> _Directions for this task_: Please set down each of the lines below once more, exactly, omitting all pictures.

> _Data_:
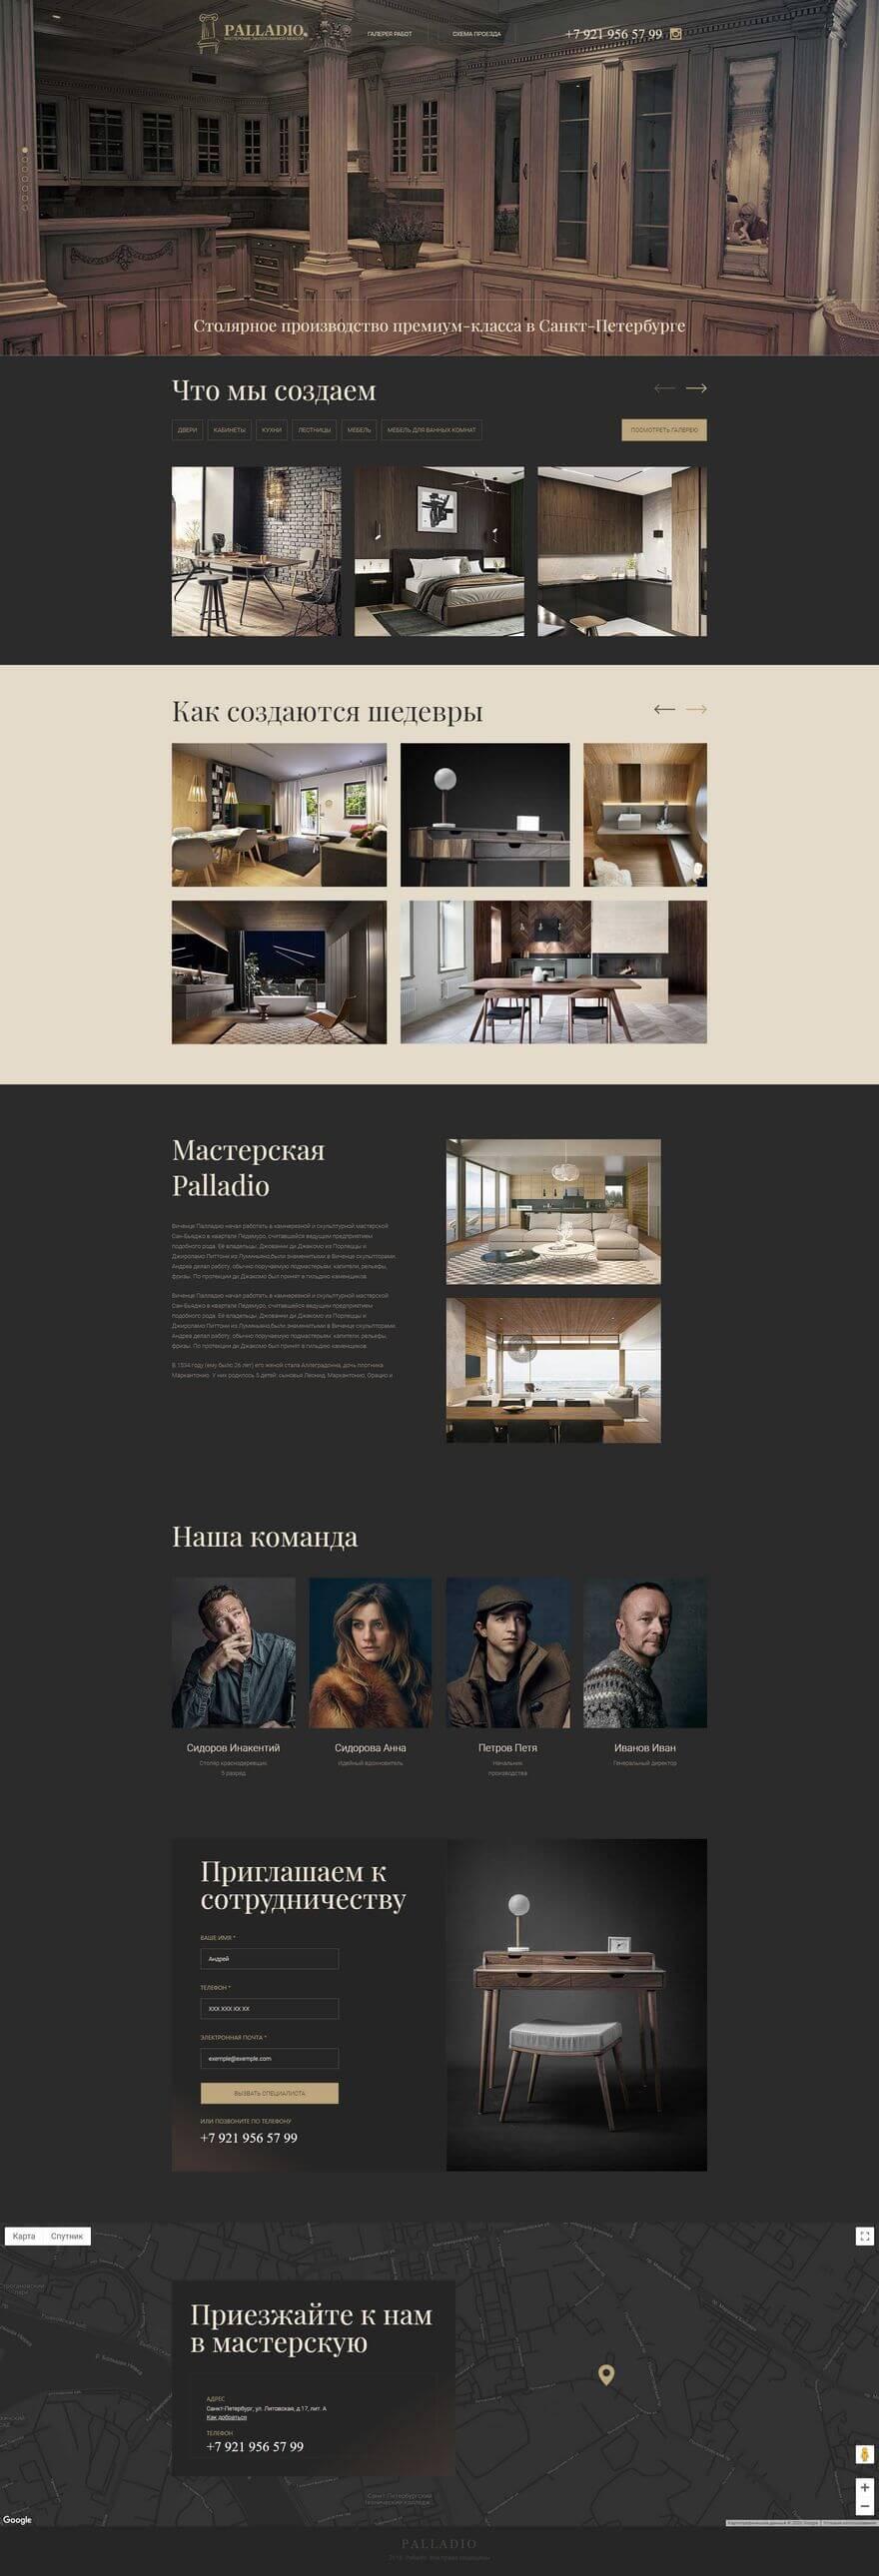 Сайт мастерской эксклюзивной мебели
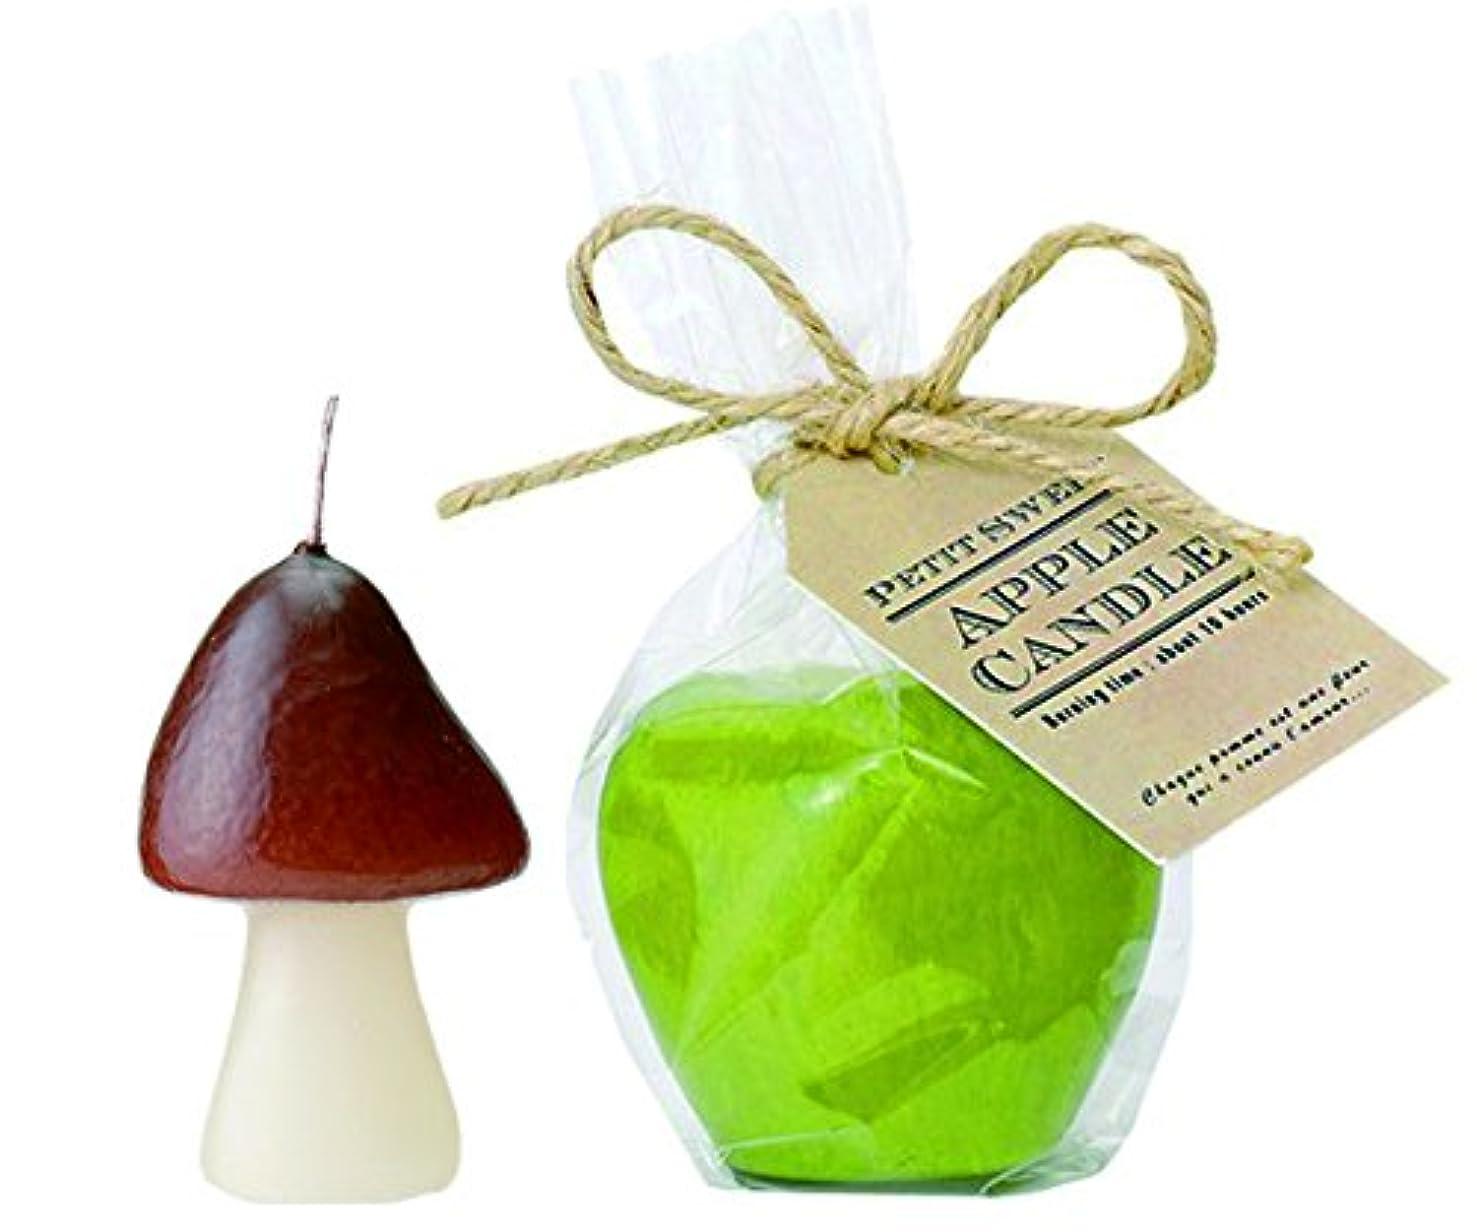 定数水族館治すカメヤマキャンドルハウス きのこキャンドルS ×1 プチスイートアップルフローティングキャンドル グリーン アップルの香り×1 セット
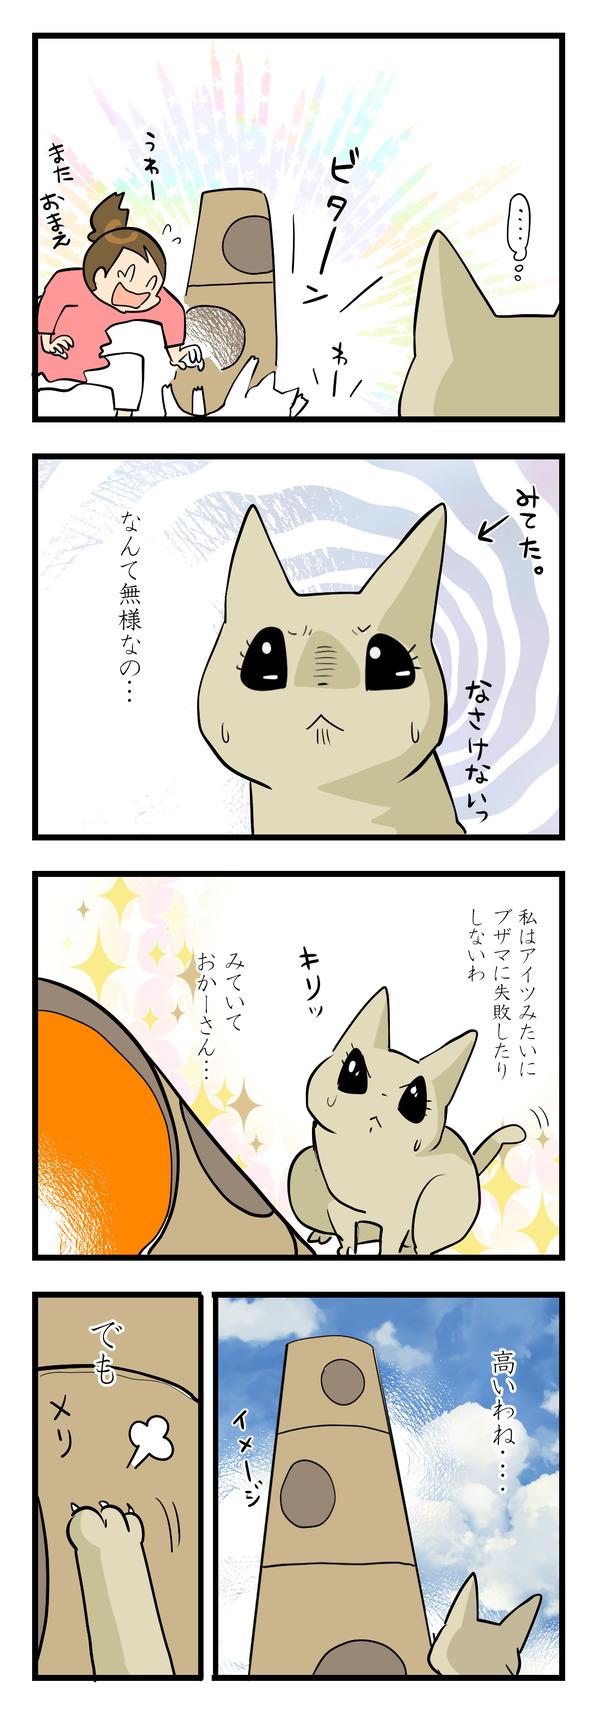 猫の運動神経3

> _Answer area_:
 Сайт мастерской эксклюзивной мебели
 定数水族館治すカメヤマキャンドルハウス きのこキャンドルS ×1 プチスイートアップルフローティングキャンドル グリーン アップルの香り×1 セット
 猫の運動神経3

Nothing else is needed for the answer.